The Orlando case is “a modern version of what once made America the most prosperous nation on Earth,” the authors write, and they believe it can be replicated widely.
“Let’s spread it around the country, to take advantage of where the talent is in the U.S., because there’s a lot of talent away from the coastal cities,” Johnson says.
“Jump-Starting America” even contains a list of 102 metropolitan areas the authors think are ripe for investment and growth, thanks to well-educated work forces and affordability, among other factors. At the top of the list are Pittsburgh, Rochester, and three cities in Ohio: Cincinnati, Columbus, and Cleveland.
The authors’ list does not include any California cities — where affordability is generally a problem — but they view the ranking as a conversation-starter, not the last word on the subject. The book’s website has an interactive feature where readers can tweak the criteria used to rank cities, and see the results.
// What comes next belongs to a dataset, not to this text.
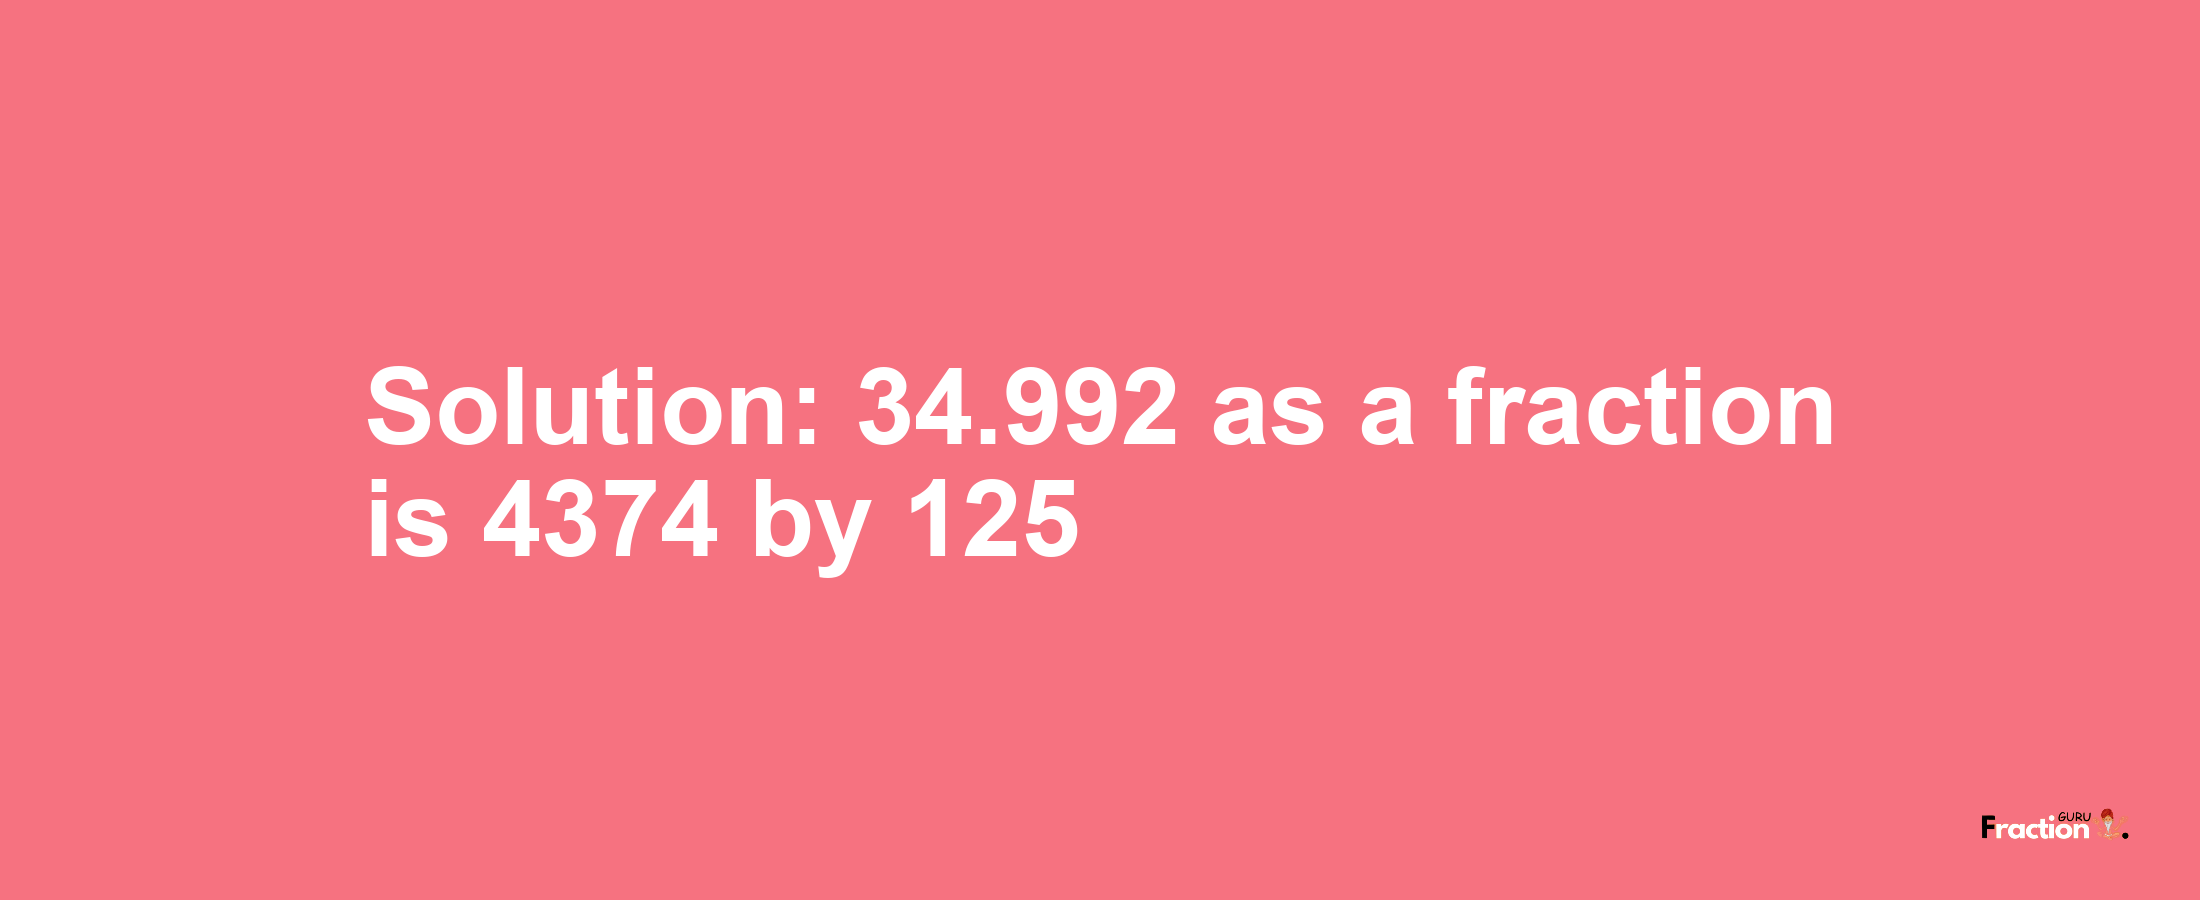 Solution:34.992 as a fraction is 4374/125

“We’d like people to challenge us and say, maybe we should think of the criteria differently,” Johnson says. “Everyone should be thinking about what have we got in our region, what do we need to get, and what kind of investment would make the difference here.”
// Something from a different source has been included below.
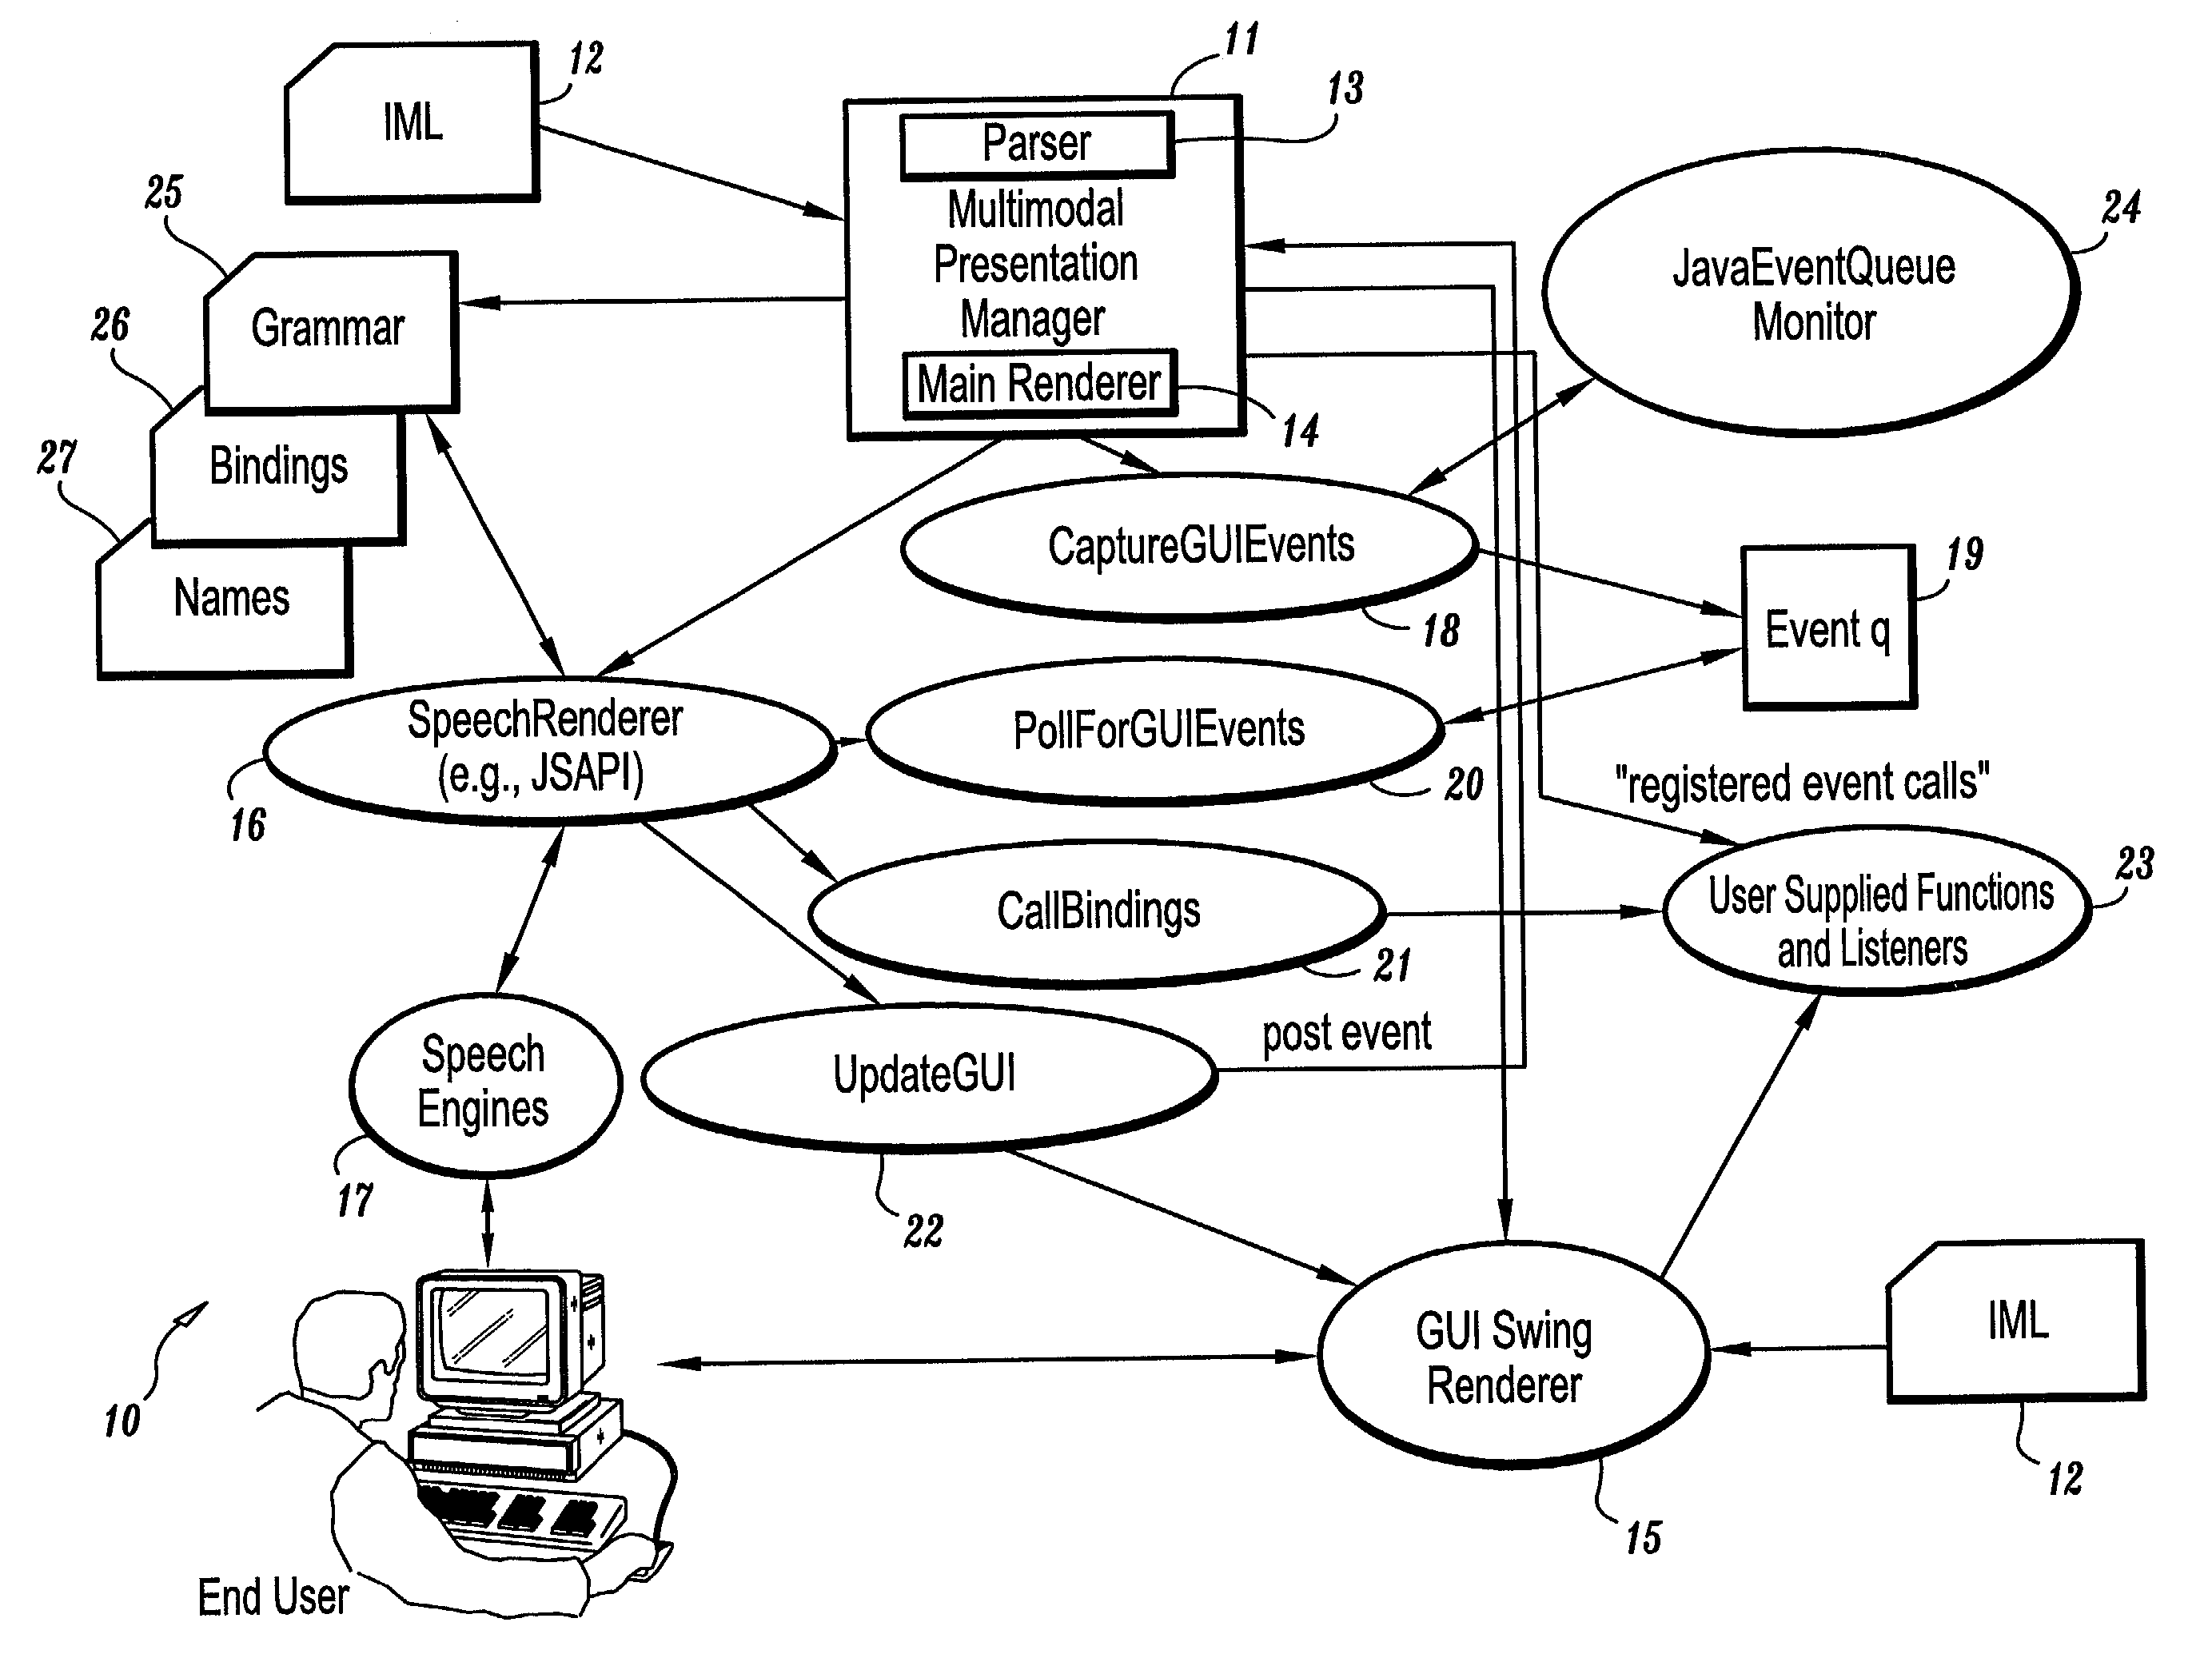 System and method for generating and presenting multi-modal applications from intent-based markup scripts

A dividend on your investment
“Jump-Starting America” has received praise from scholars and policy experts. Susan Athey, an economist at Stanford University, calls the book “brilliant” and says it “brings together economic history, urban economics, and the design of incentives to build an ambitious proposal” for growth. Jean Tirole, of the Toulouse School of Economics, says the book gives a boost to industrial policy, by showing “how the government can promote innovation while avoiding the classic pitfalls” of such interventions.
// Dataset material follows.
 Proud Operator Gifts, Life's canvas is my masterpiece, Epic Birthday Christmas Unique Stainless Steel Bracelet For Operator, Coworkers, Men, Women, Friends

For their part, Johnson and Gruber readily acknowledge that public investment in R&D is just one component of long-term growth. Continued private-sector investment, they note, is vital as well. Still, the book does devote a chapter to the limits of private investment, including the short-term focus on returns that has led many firms to scale back their own R&D operations.
“We’re very pro-private sector,” Johnson says. “I’m a professor of entrepreneurship at Sloan, and I work a lot with entrepreneurs around the world and venture capitalists. They will tell you, quite frankly … their incentives are to make money relatively quickly, given their time horizons and what their investors want. As a result they are drawn to a few sectors, including information technology, and within that more software than hardware these days.”
As a sweetener for any program of public science investment, the authors also suggest that people should receive a kind of annual innovation dividend — a return on their tax dollars. In effect, this would be a scaled-up version of the dividend that, for instance, Alaskans receive on that state’s energy revenues.
That would be a departure from current U.S. policy, but ultimately, Johnson and Gruber say, a departure is what we need.
“We don’t find the existing policies from anyone compelling,” Johnson says. “So we wanted to put some ideas out there and really start a debate about those alternatives, including a return to a bigger investment in science and technology.”